Biography
This page uses content from the Francisco Rabal biography page on the English version of Wikipedia and is licensed under the GNU Free Documentation License. This list of authors can be seen in the page history. Rotten Tomatoes disclaims any and all warranties as to the accuracy or reliability of the content.
Francisco Rabal (March 8 1926 - August 29 2001), perhaps better known as Paco Rabal, was a Spanish actor born in Águilas, a small town in the province of Murcia, Spain.
In 1936, the Spanish Civil War broke out. Rabal and his family left Murcia and moved to Madrid.
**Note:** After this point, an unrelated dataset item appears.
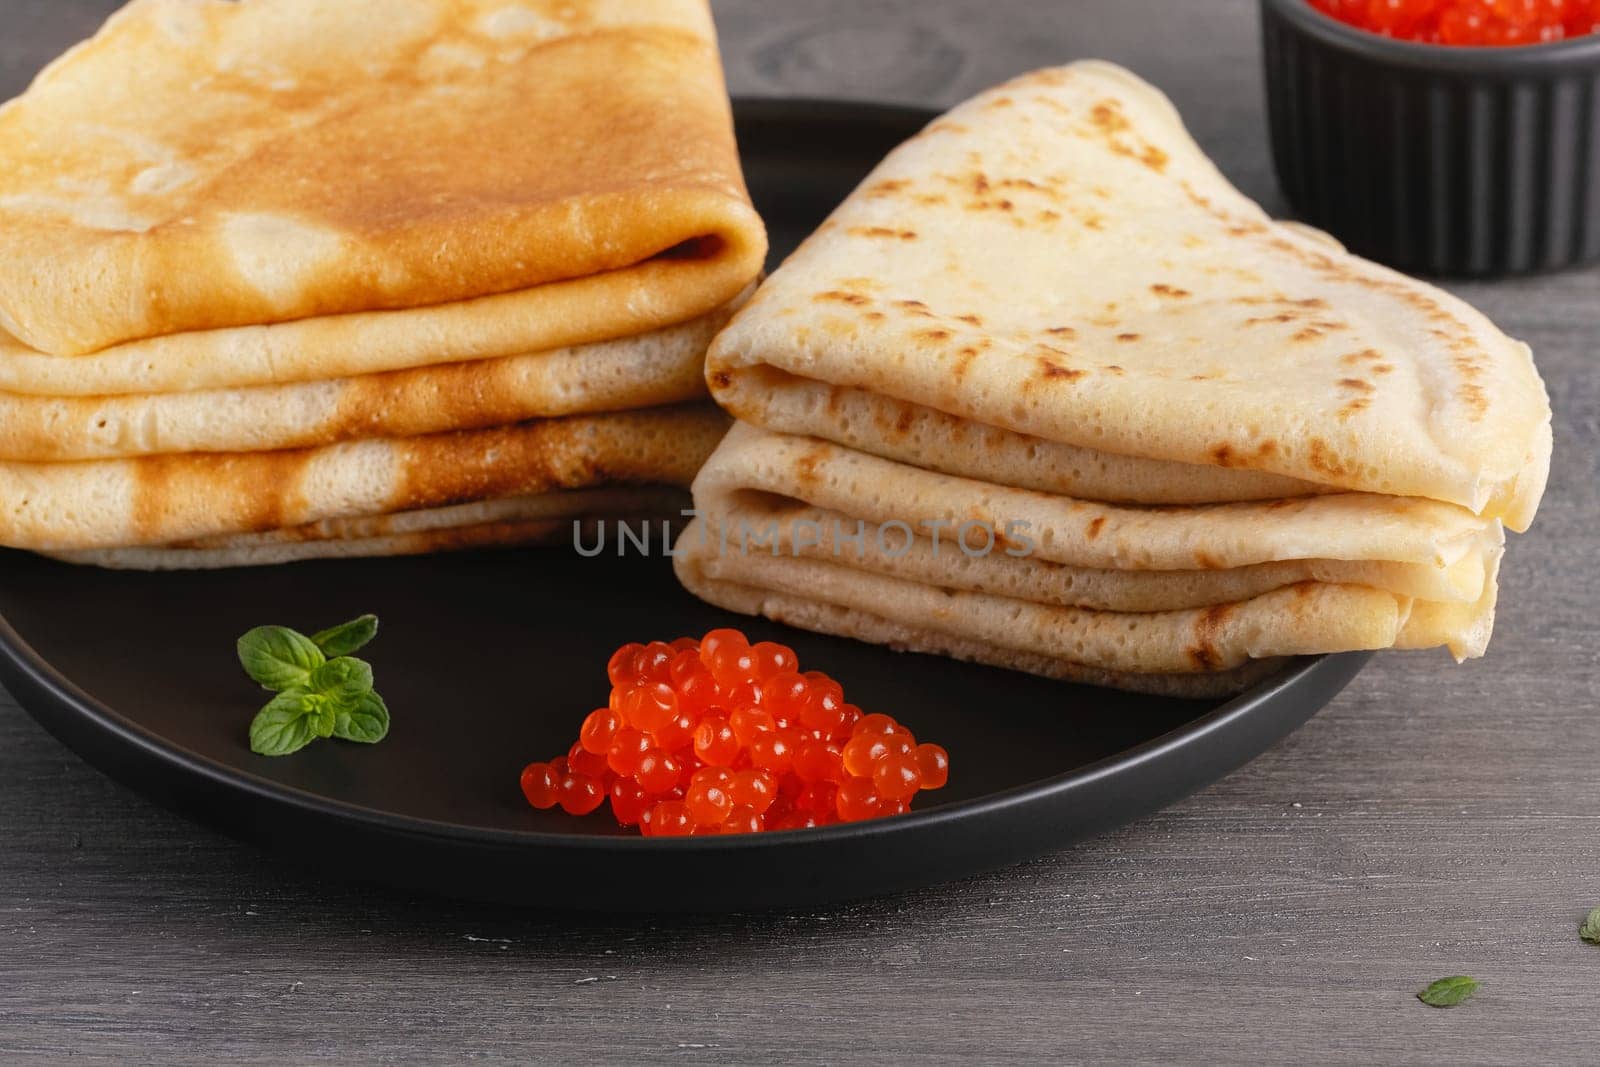 Pancakes with red caviar. Close-up of pancakes stacked on grey background.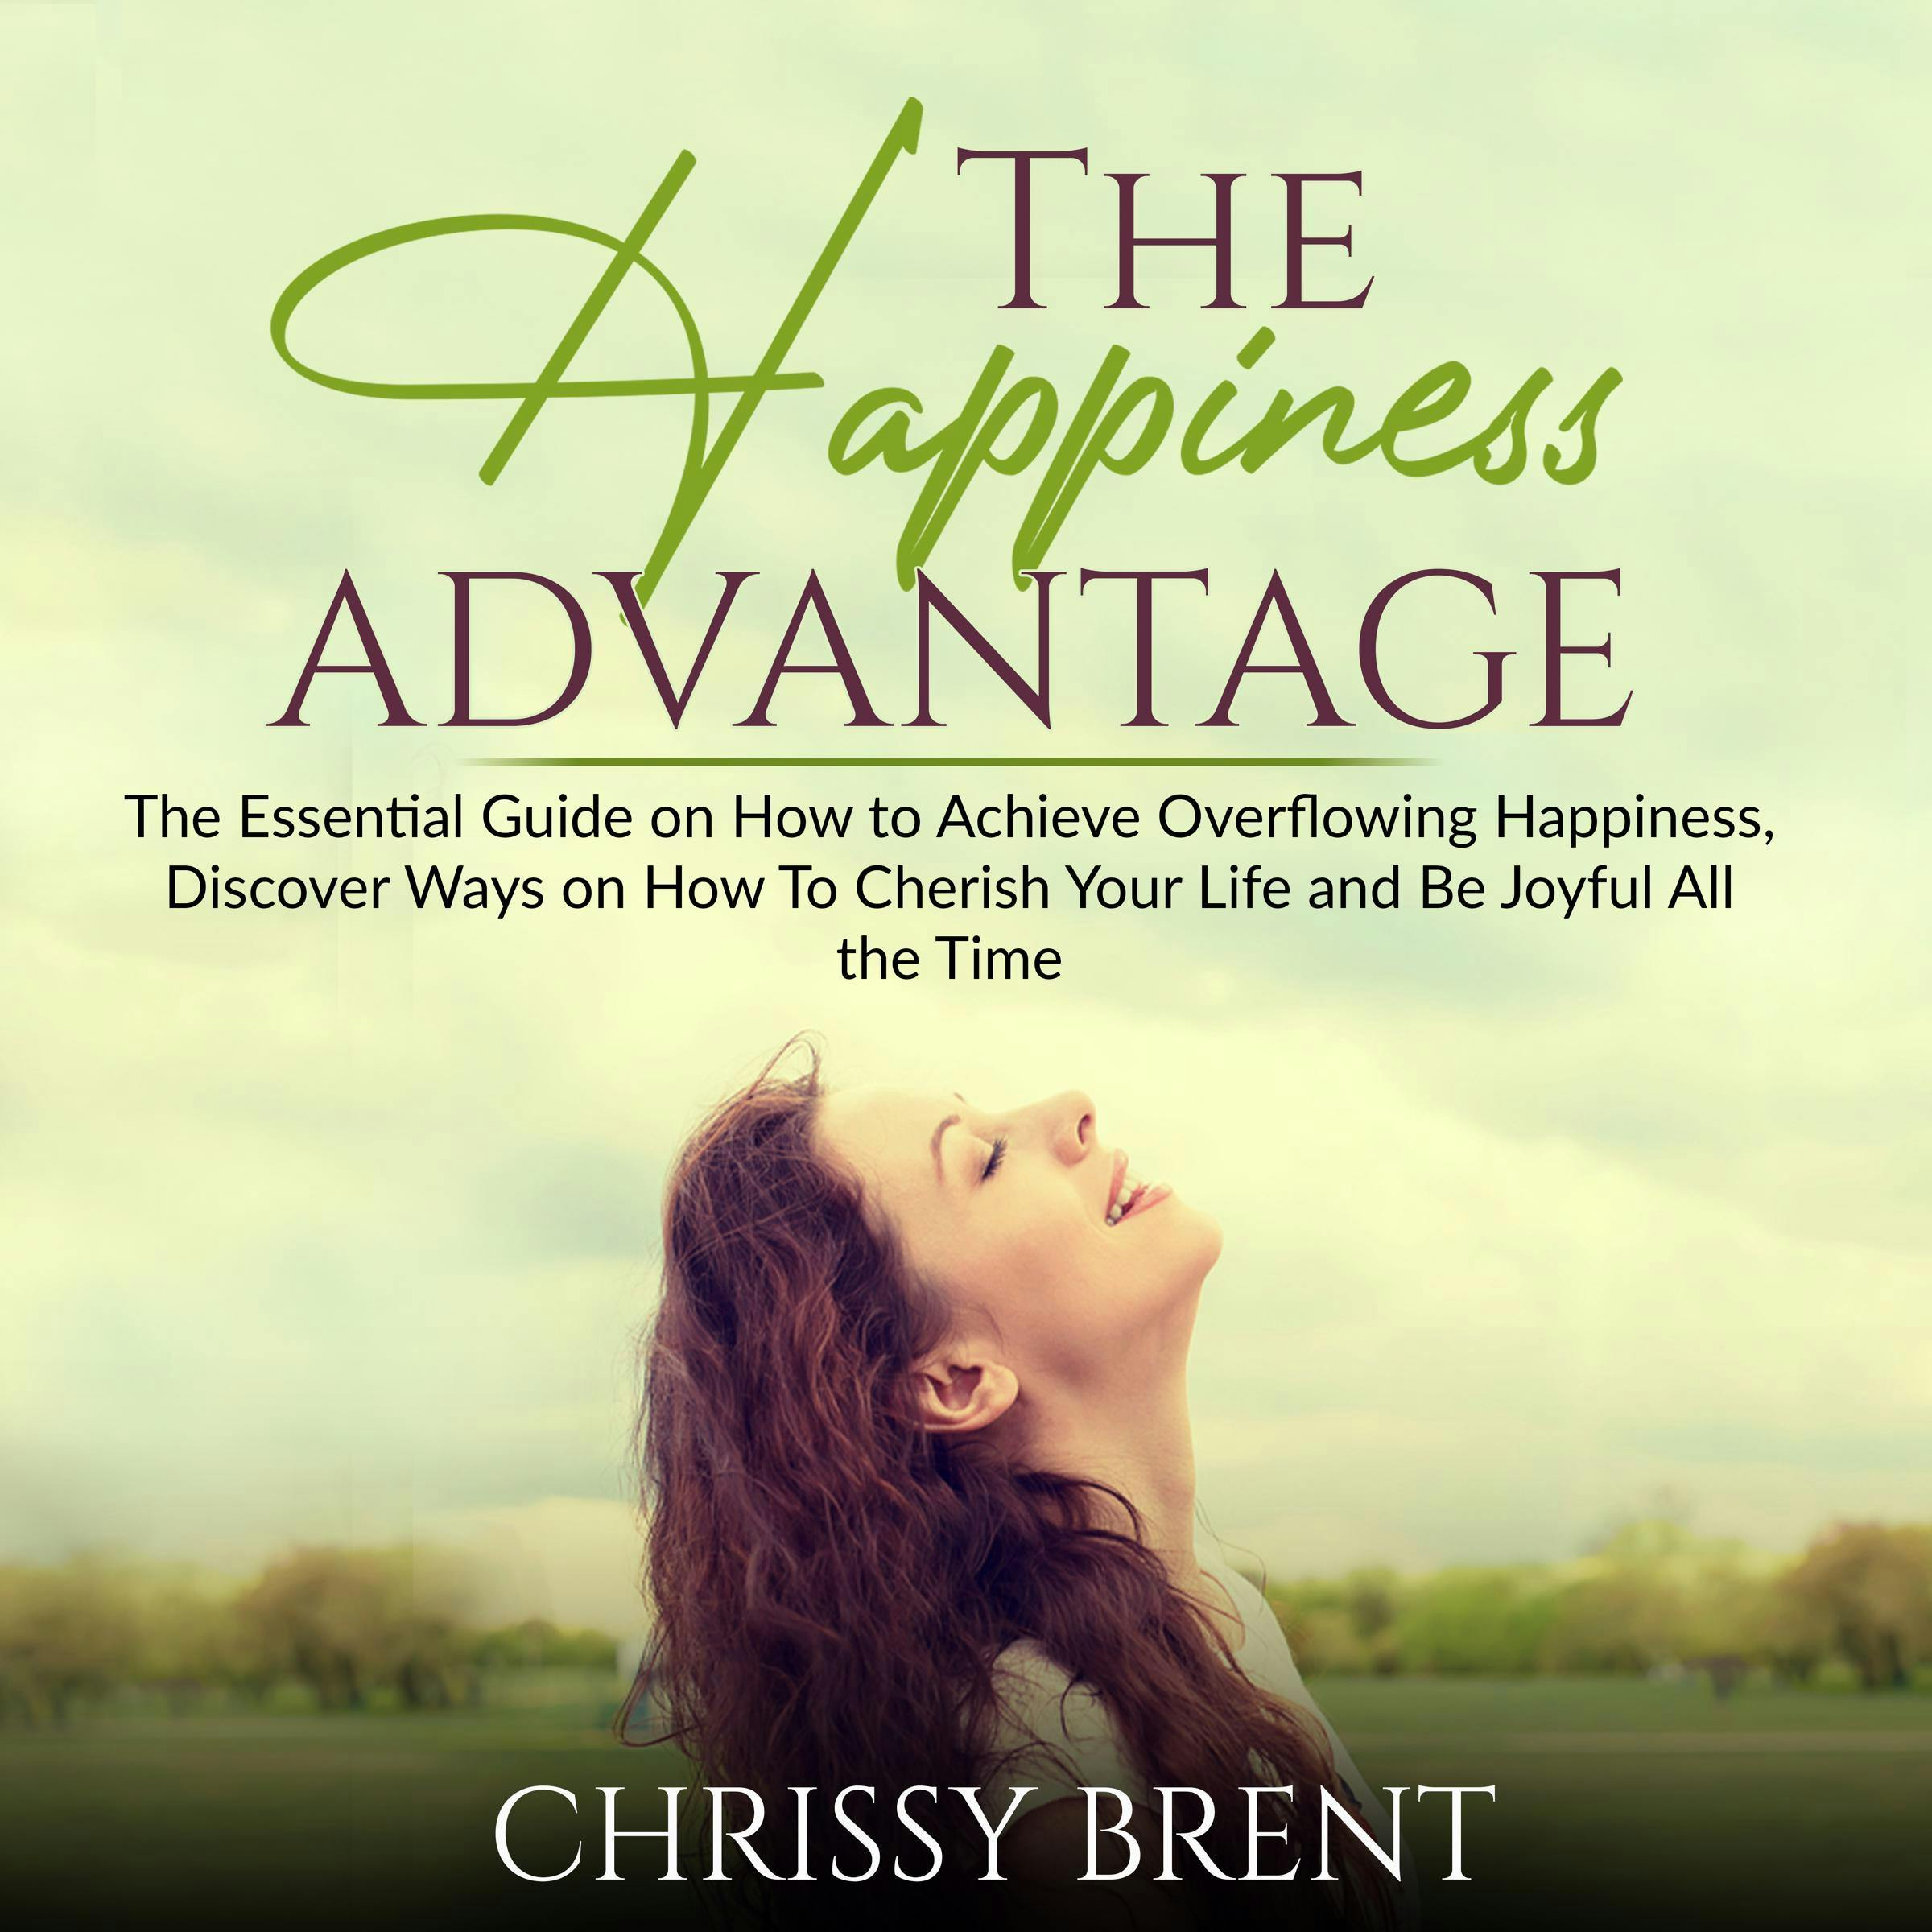 The Happiness Advantage: The Essential Guide on How to Achieve Overflowing Happiness, Discover Ways on How To Cherish Your Life and Be Joyful All the Time - undefined

Young Francisco had to work as a street salesboy and in a chocolate factory. When he was 13 years old, he left school to work as an electrician at Estudios Chamartín.
Rabal got some sporadic jobs as an extra. Dámaso Alonso and other people advised him to try his luck with a career in theater.
During the following years, he got some roles in theater companies such as Lope de Vega or María Guerrero. It was there that he met Asunción Balaguer; they married and remained together for life. Their daughter, Teresa Rabal, is also an actor.
In 1947, Rabal got some regular jobs in theater. He used his full name, Francisco Rabal, as stage name. However, the people who knew him always called him Paco Rabal. (Paco is the familiar form for Francisco.) "Paco Rabal" became his unofficial stage name.
During the late 1940s, Rabal began acting in movies as an extra, but it was not until 1950 that he got some speaking roles in cinema. He only needed a few years to fully consolidate his career in this new medium, mainly thanks to Luis Buñuel and to his ease in roles as a beau or as a rogue.
William Friedkin thought of Rabal for the French villain of his 1971 movie The French Connection. However, he could not remember the name of "that Spanish actor". Mistakenly, his staff hired another Spanish actor, Fernando Rey. Friedkin discovered that Rabal did not speak English or French, so he decided to keep Rey.
It is widely considered that Rabal's best performances came after Francisco Franco's death on 1975. In the 1980s, Rabal starred in Los Santos Inocentes, in El Disputado Voto del Señor Cayo and also in the TV series Juncal. In the 1990s he played the character of Francisco Goya in Goya en Burdeos.
Francisco Rabal is the only Spanish actor to have received a honoris causa doctoral degree from the University of Murcia.
Rabal died in 2001 from compensatory dilating emphysema, while on a airplane travelling to Bordeaux.